ThousandEyes’ outage detection service, Internet Insights, identified the incident in near real time, capturing its onset, duration, and resolution, as seen in figure 1 below.

Screenshot showing the impact of the Comcast outage on several applications — Figure 1. Comcast outage impacting access to multiple applications and services

Because Internet Insights leverages billions of daily measurements from hundreds of thousands of global vantage points, it was able to provide a view of this outage from many angles, including the spectrum of services and users impacted by it. The following analysis is based on that view, as well as many ThousandEyes service tests.

Houston, We Have a Problem

At around 19:46 UTC (11:46 AM PST), ThousandEyes observed traffic terminating around the Houston, Texas, portion of Comcast’s backbone network. The onset was sudden. Traffic traversing the affected infrastructure saw an immediate drop off—100% packet loss—with no apparent ramp-up that might indicate congestion or other stress conditions in the network. Figure 2 shows traffic originating in Dallas, Texas, destined to Salesforce getting dropped in Houston.

Screenshot showing Comcast traffic terminating in Houston, Texas — Figure 2. Traffic traversing Comcast’s backbone network terminating in Houston, Texas

Minutes before the outage began, at 19:44 UTC (11:44 AM PST), connectivity to Salesforce was functioning as anticipated, with traffic successfully routing through the Houston, Washington D.C., and Virginia portions of Comcast’s network, before handing off to Salesforce’s NA35 data center located in Virginia (see figure 3).

Screenshot showing traffic successfully traversing the Comcast network before the outage — Figure 3. Traffic successfully traversing Comcast’s network prior to outage

As a key interconnection point between the US East and West Coast regions, some Comcast users attempting to reach services on either side of Houston may have experienced service disruptions.
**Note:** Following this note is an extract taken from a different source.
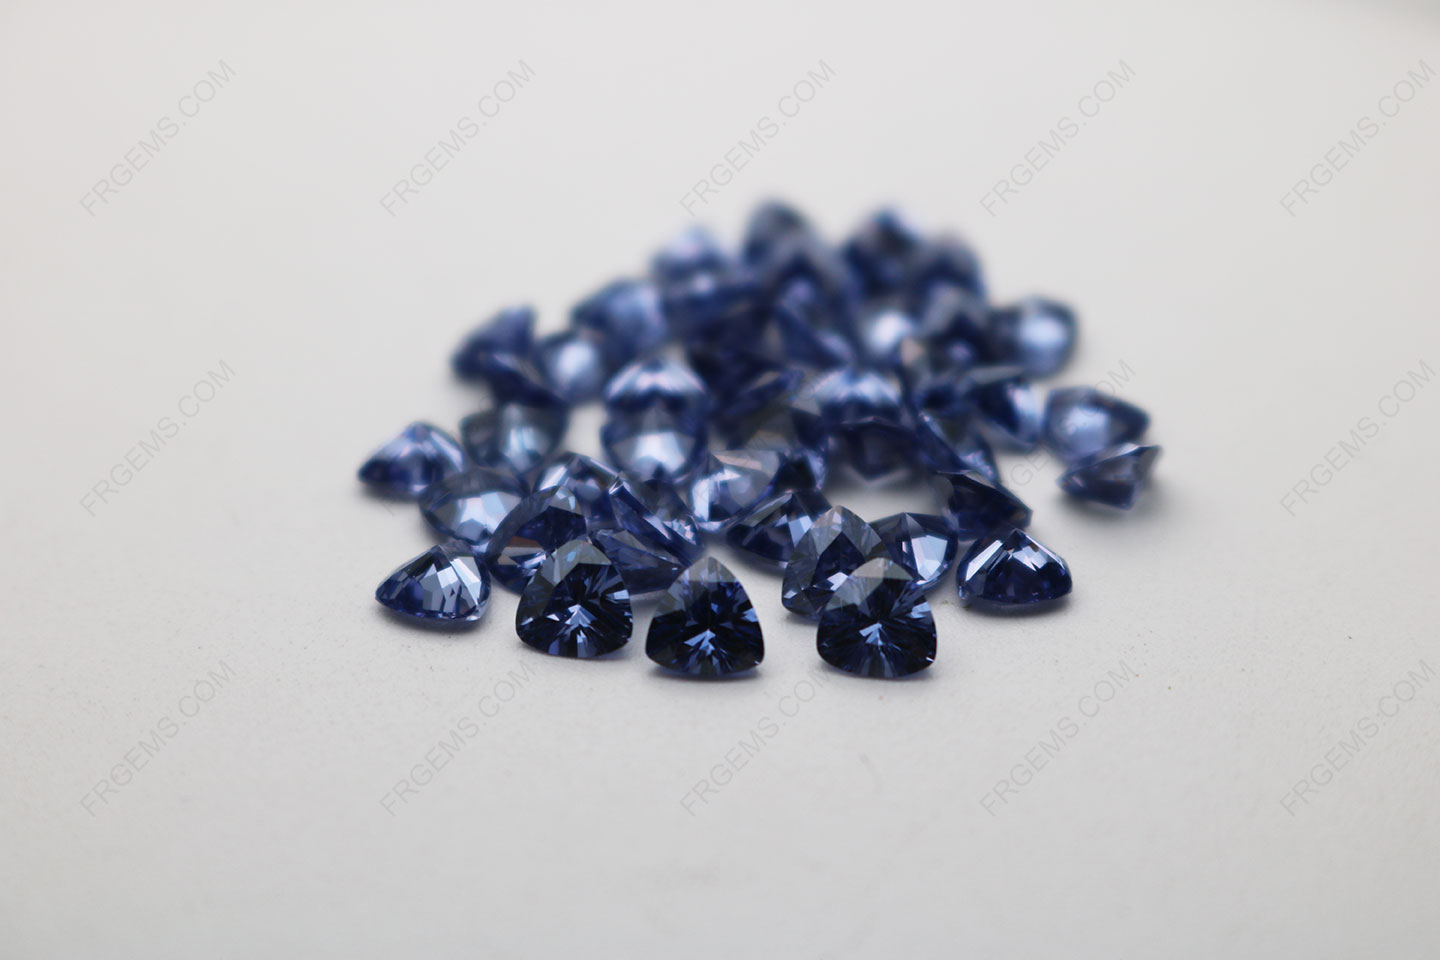 Cubic_Zirconia_Tanzanite_Trillion_Shape_Diamond_faceted_cut_5x5mm_stones_IMG_4902
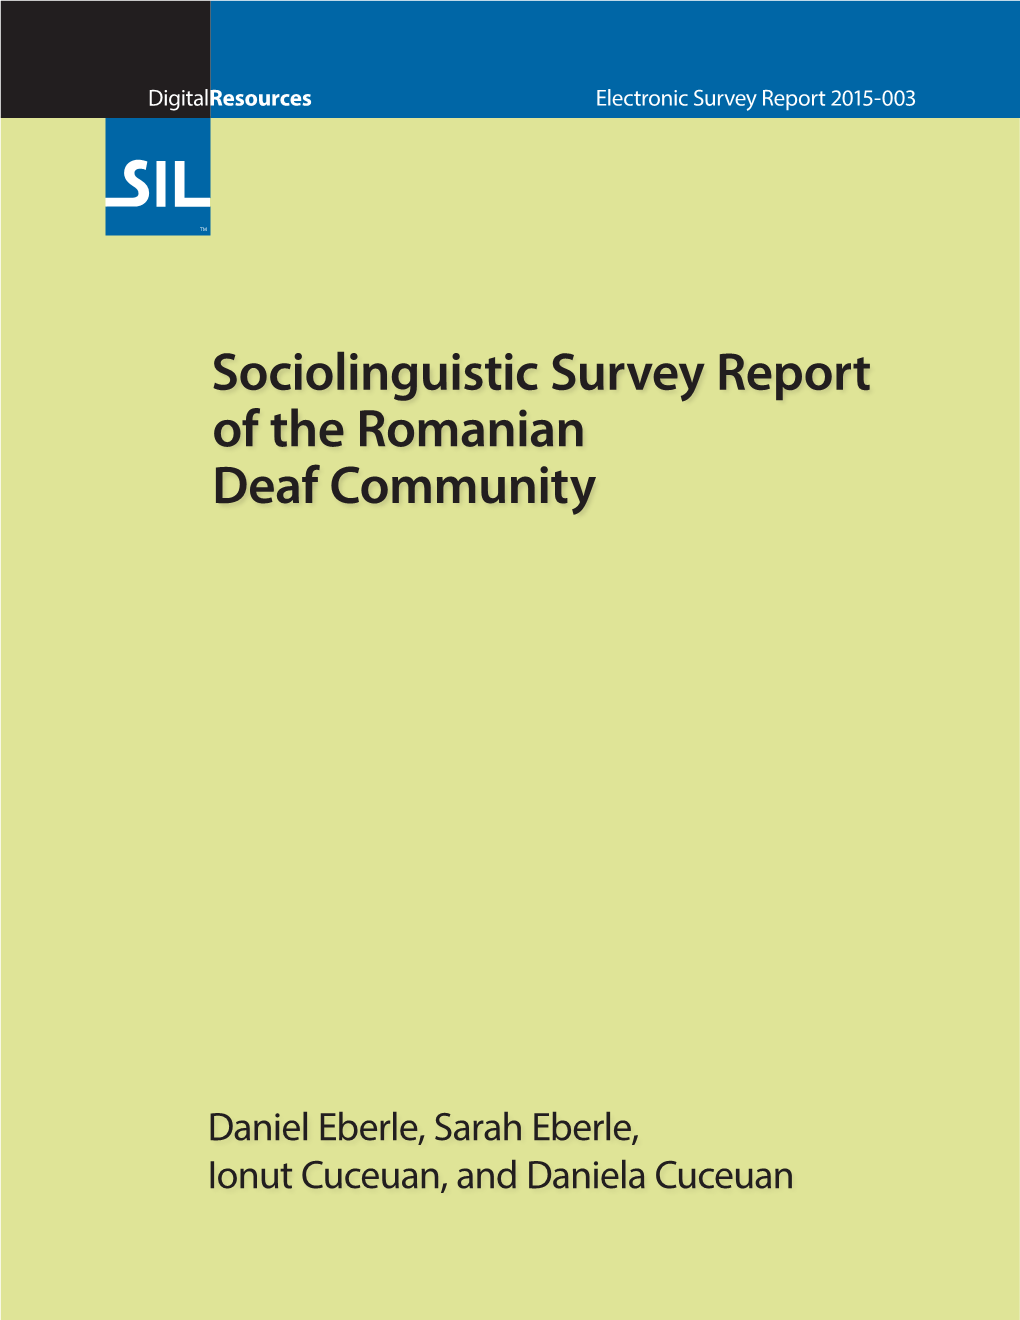 Sociolinguistic Survey Report of the Romanian Deaf Community

In particular, users in California and parts of Texas would have seen an impact. For example, figure 4 shows traffic from San Jose, California, dropping at a core router (CR) in Houston and returning an error message, indicating the network is unreachable.

Screenshot showing traffic terminating on Houston core router — Figure 4. Traffic between San Jose and AWS us-east-1 terminates on Houston core router (CR)

Within Comcast’s network, core routers (CRs) effectively serve as the gate into and out of each regional point of presence (PoP). All traffic routed to the PoP, even traffic that is not locally destined, must traverse the region’s core spine routers in order to get routed on to the next region in the path to its destination. (For a brief primer on Comcast’s network design, read our coverage of the Comcast outage in November 2021.)

Screenshot showing traffic to Salesforce data center terminating in Houston — Figure 5. Traffic between Dallas and Salesforce NA35 data center terminating on core spine router cs-03 in Houston

While some impacted traffic was dropping on the edge of the Houston network (see figure 5), other traffic was successfully routed to the core spine routers before getting dropped.

Figure 6 below shows traffic between Los Angeles and AWS’ Frankfurt data center successfully traversing Comcast’s Houston network—even leveraging the same routers that appeared to be dropping impacted traffic.

Screenshot showing traffic successfully traversing Houston router during outage — Figure 6. Traffic between Los Angeles and AWS eu-central data center successfully traversing Houston core spine router cs-03 during outage

However, for the routes impacted, no shift of traffic to healthy alternate routes was observed during the entirety of the incident. Figure 7 shows the midpoint of the outage, with traffic paths at that time continuing to terminate at the same point in the network.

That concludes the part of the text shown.